I have found that the Vet Techs seem to know more about food then our Vet. The Vet keeps recommending the Purina Pro Plan, it is the only food recommendation she has given us, but the Vet Techs mentioned the Natural Balance, Taste of the Wild, Blue Buffalo, and the like. The advice from the Vet Techs has been closer to the advice I have gotten from this board.


----------



## Pawz4me (Feb 14, 2009)

susan67 said:


> I have a Brussels Griffon and she is having issues with scratching, chewing, and losing hair. Couple months ago this started and my first thought was food allergy so I put her on Natural Balance LID duck and potato. She seemed to improve and her hair grew back. Spring hit here in Florida and we started getting fleas so I started her on Frontline plus...3 months of that, no improvement and just a bad flea infestation. I then took her to the vet and put her on Comfortis. Fleas were gone in no time at all and the only time I see any at all is maybe one or two when she is due for the next pill. I am amazed at how well the Comfortis worked considering how bad the fleas were this year. However, she is still biting and scratching and losing hair. Should I try another food? Anything else I can try before going to see the vet again? Is there anything I can do at home for a skin infection? Only reason I ask is we just had to have my Bengal to the vet for illness, and cash is a little tight at the moment, but if the vet is the only and best option I will definitely do that.
> Thanks for any advice!


If it all started a couple of months ago, then I would be thinking inhalant (pollen) allergies, which are very common in dogs. The most common type of allergy in dogs is to flea bites. Just one bite from one flea can make an allergic dog miserable for weeks. Despite all the attention they get, true food allergies are statistically relatively rare compared to inhalant and flea allergies.

For inhalant allergies the first step is usually starting the dog on an antihistamine. There are several that can be used for dogs, and it's usually a trial-and-error process to find the one that works best for any given dog. Benadryl (generic diphenhydramine) is what most vets recommend to begin with.

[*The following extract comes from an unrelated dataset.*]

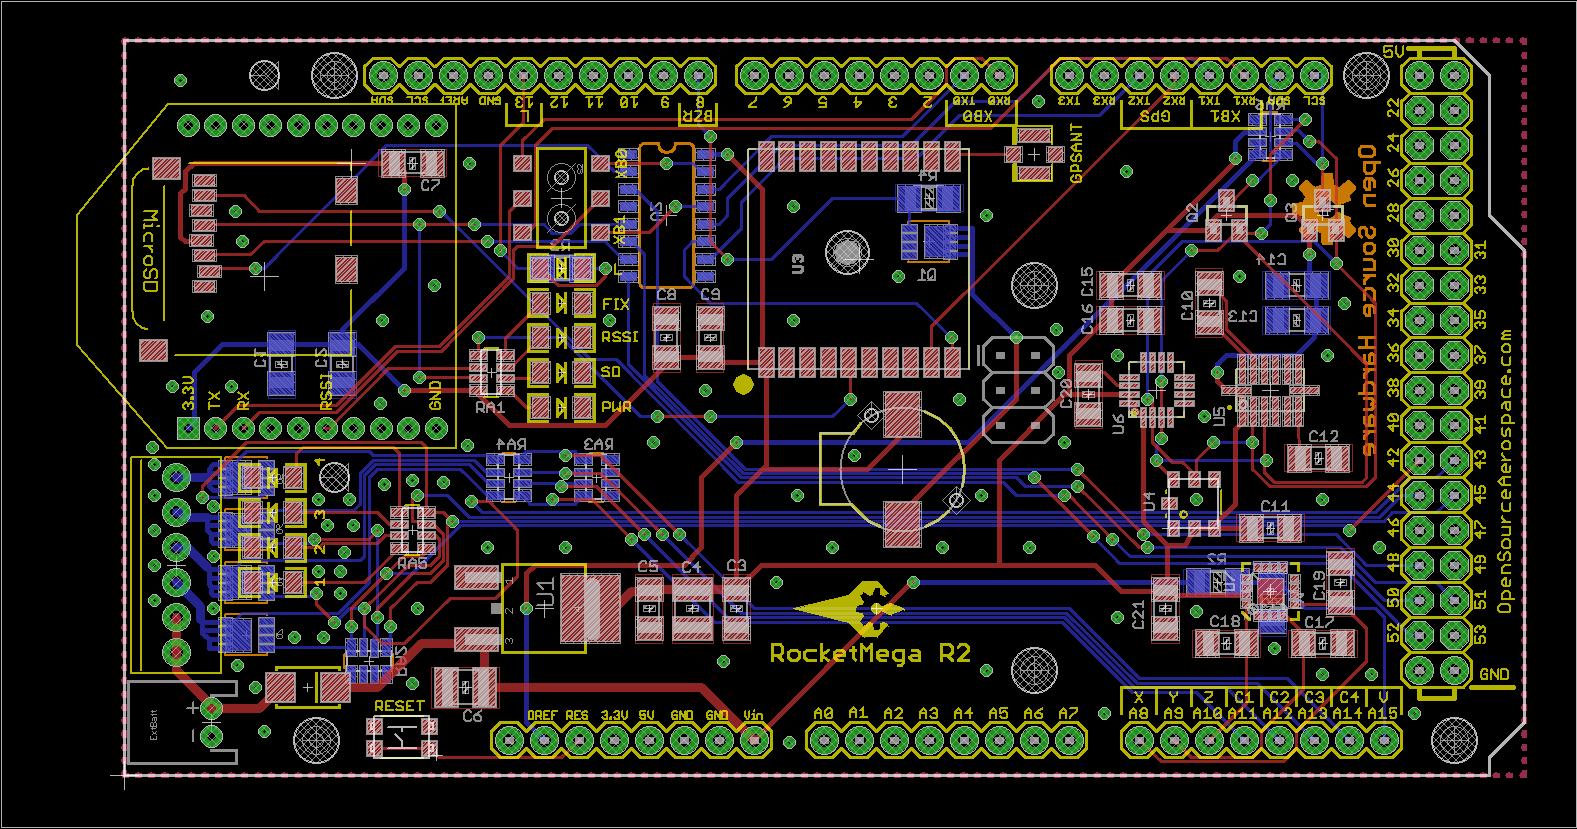 v2 circuit layout

It's inexpensive and most people already have it on hand. The general dosage is 1 to 2 milligrams per pound of body weight given two or three times a day. If after a couple of weeks you can't tell any improvement, then you move on and try another antihistamine. Bathing frequently, as often as every two or three days, with a mild shampoo will wash off pollen that accumulates on the fur. If you can't do a full bath, just hosing off or wiping down with a damp towel frequently can help. You can also try supplementing with fish oil, as much as 1,000 mg. per 10 pounds of body weight. It can help with the inflammation associated with allergies, and studies suggest that antihistamines may be more effective when given with fish oil.

You may want to ask your vet about some kind of dual flea control, since they certainly appear to be a problem. I don't know if Capstar can be given along with a topical product (Frontline, Advantage, etc.). I'd ask your vet about it. You might also consider treating your yard with something.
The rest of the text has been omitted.